EXERCISE OBJECTIVE:
Everything in the data that follows should be given again verbatim, except the images.

DATA SECTION:
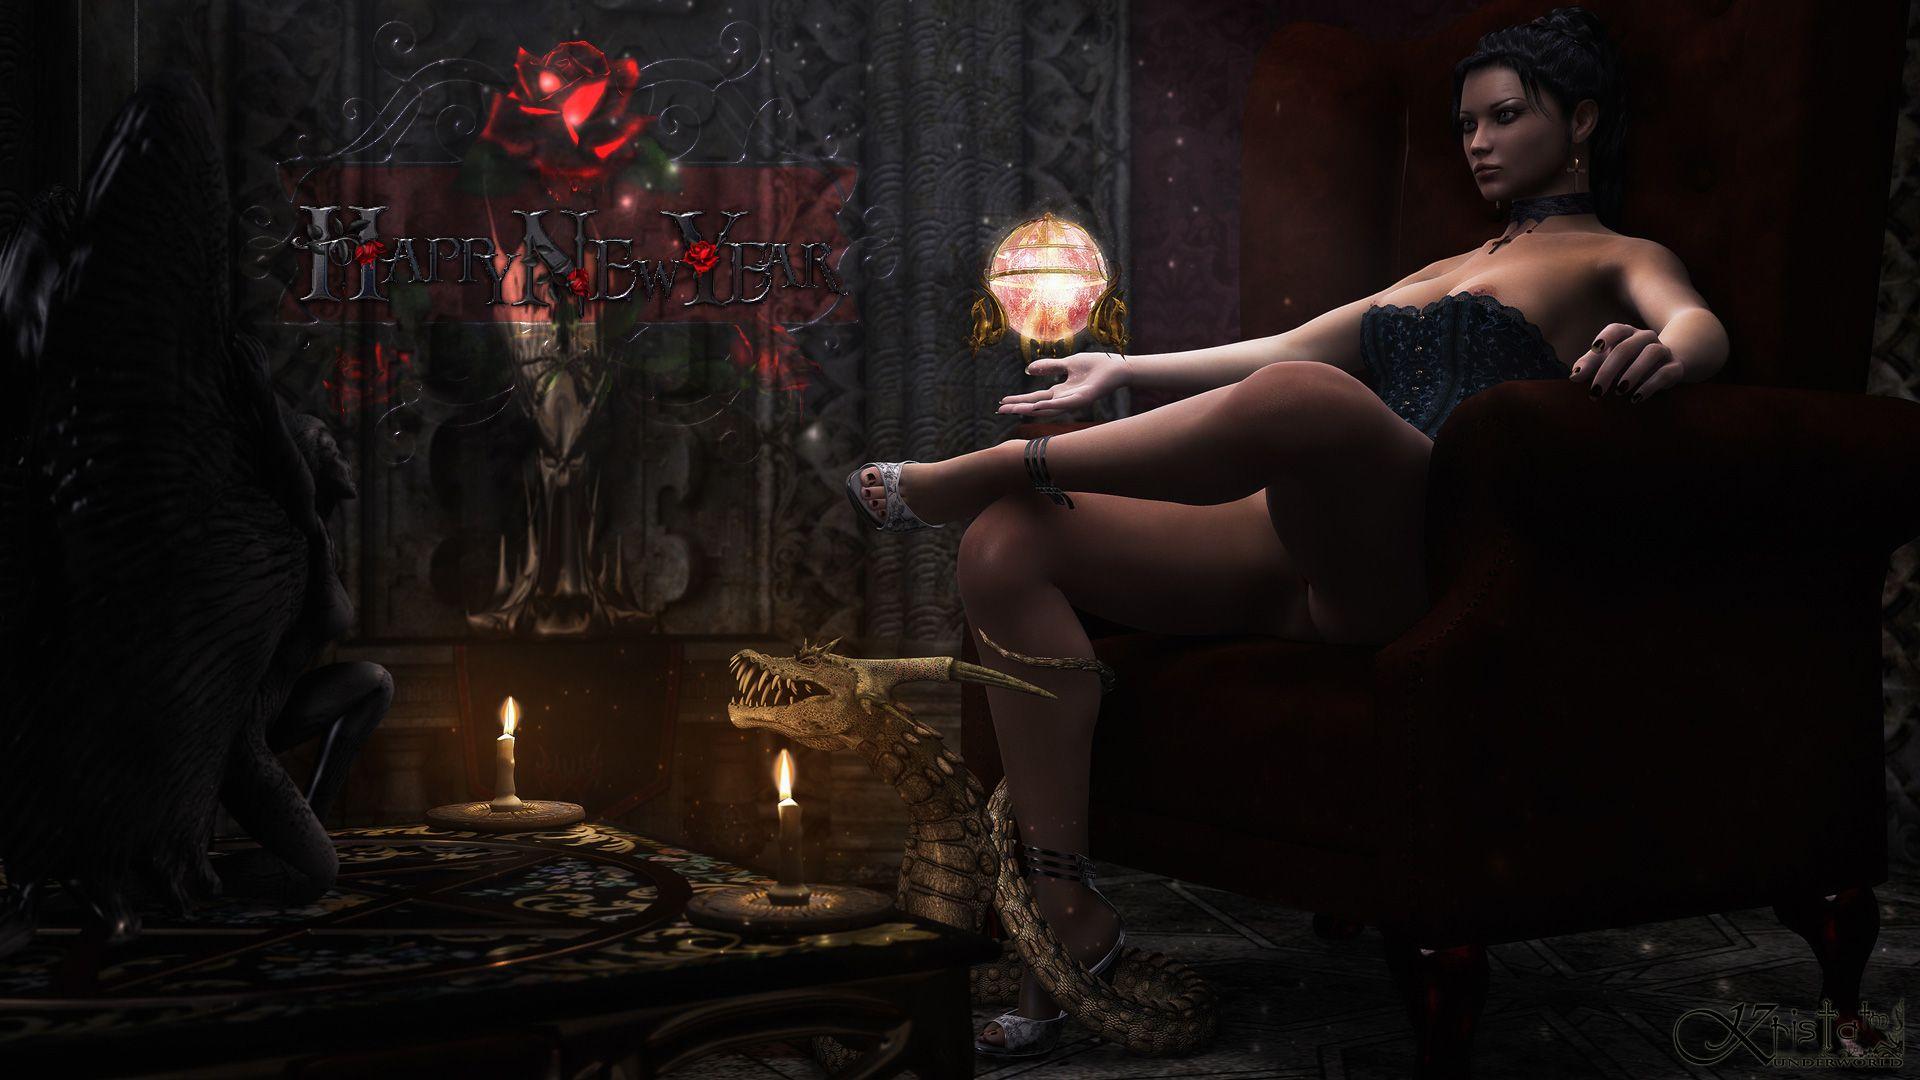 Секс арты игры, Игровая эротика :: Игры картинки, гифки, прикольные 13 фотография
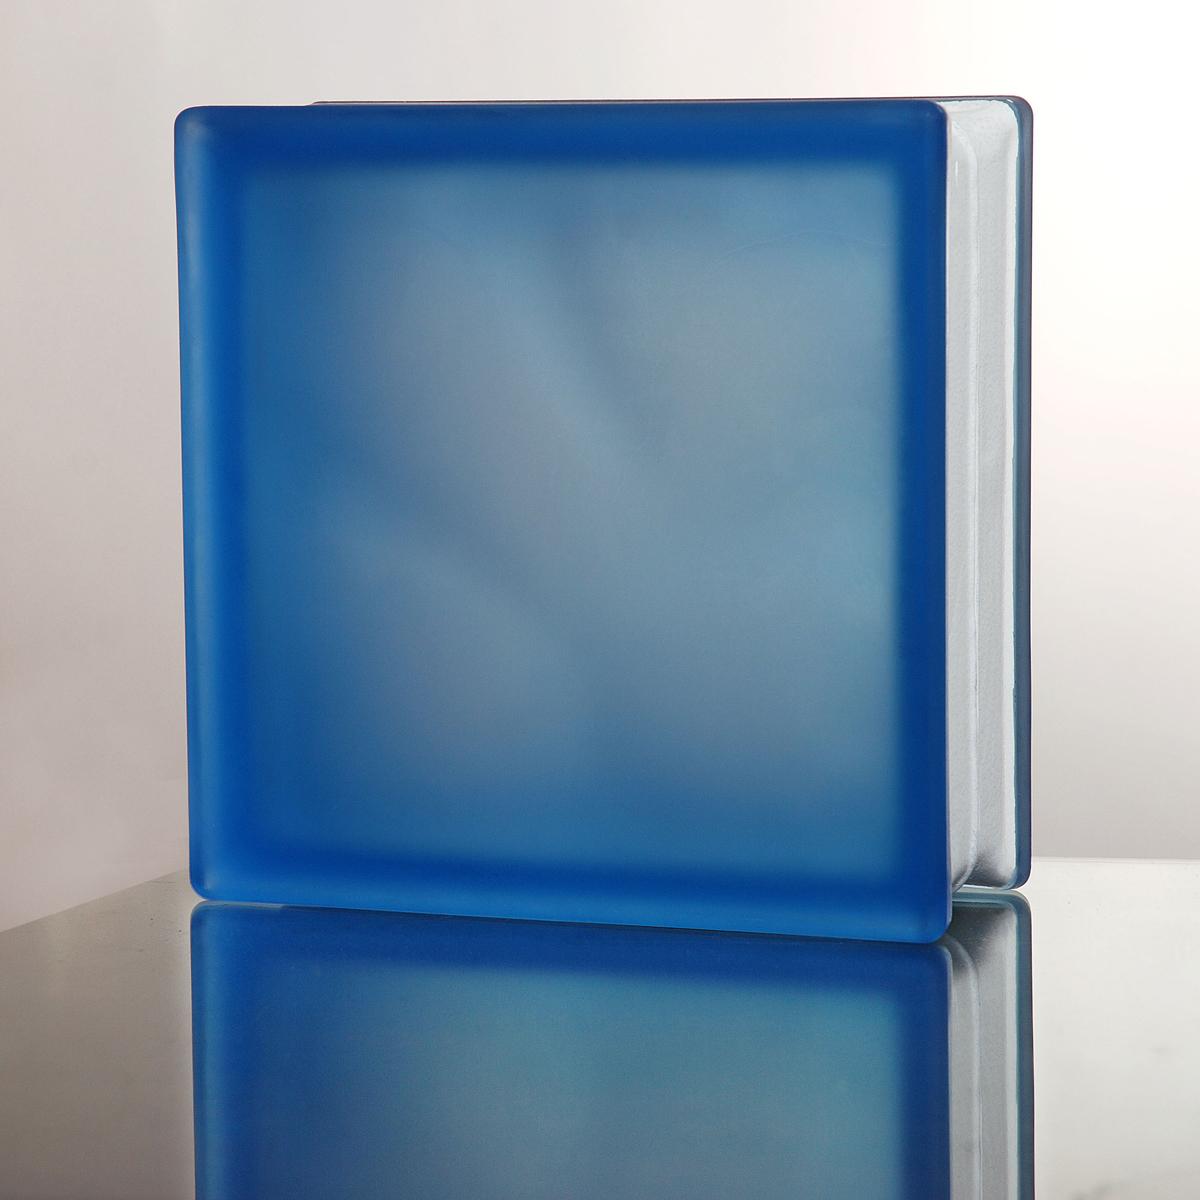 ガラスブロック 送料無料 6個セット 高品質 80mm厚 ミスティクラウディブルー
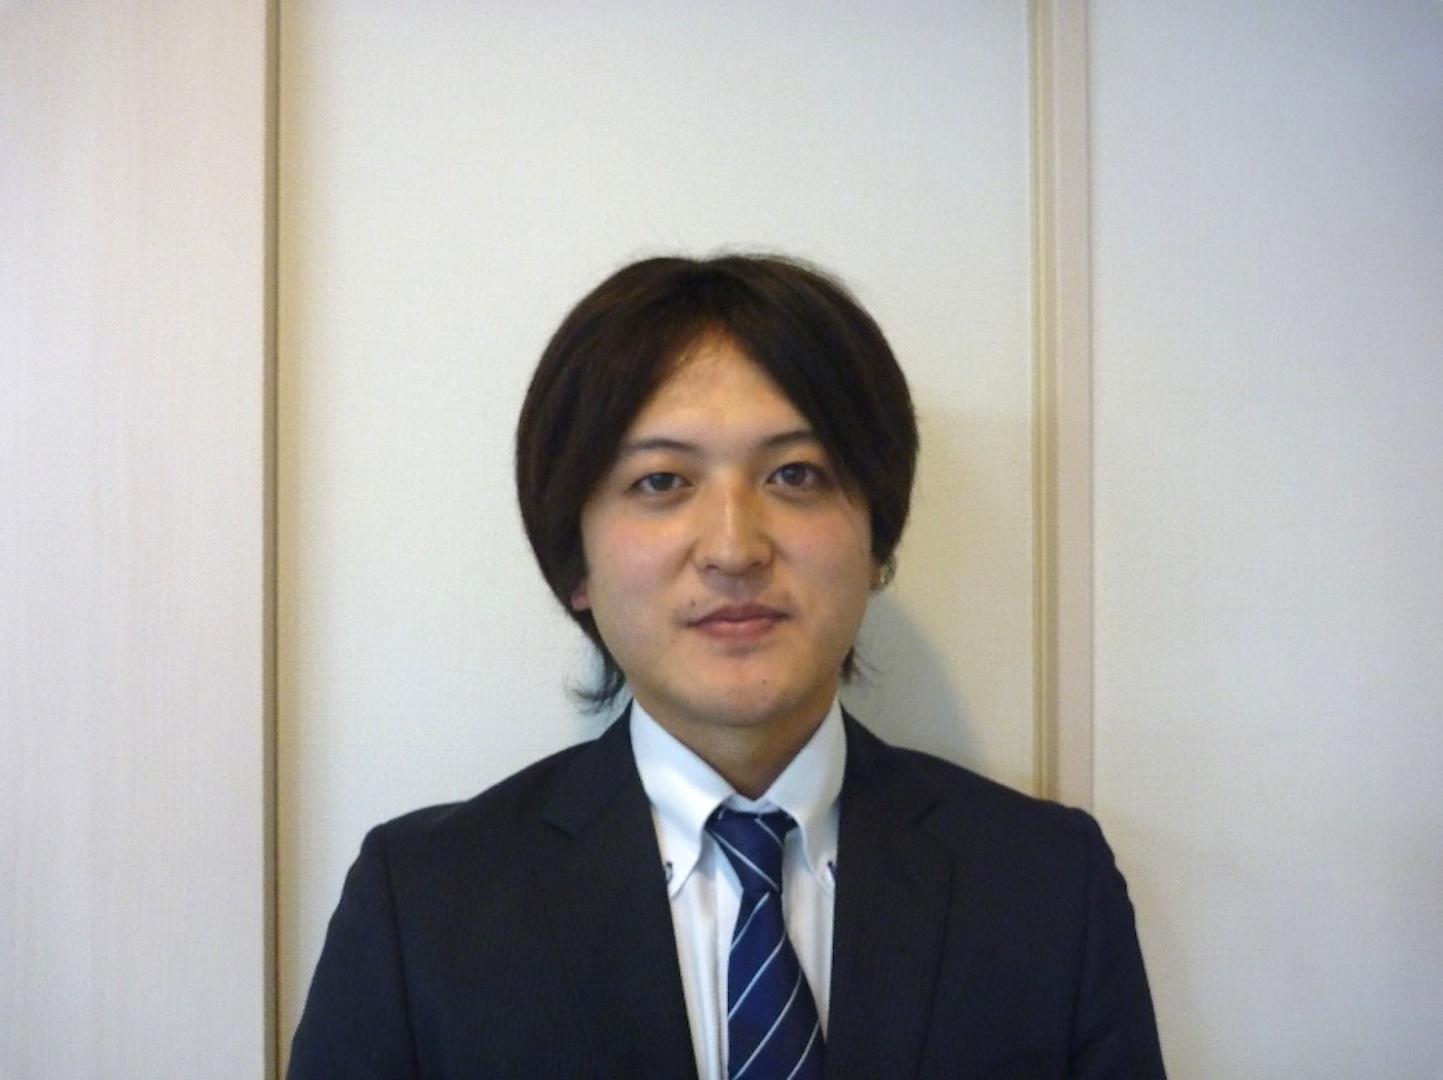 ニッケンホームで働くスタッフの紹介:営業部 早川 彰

RESPONSE AREA:
 Секс арты игры, Игровая эротика :: Игры картинки, гифки, прикольные 13 фотография
 ガラスブロック 送料無料 6個セット 高品質 80mm厚 ミスティクラウディブルー
 ニッケンホームで働くスタッフの紹介:営業部 早川 彰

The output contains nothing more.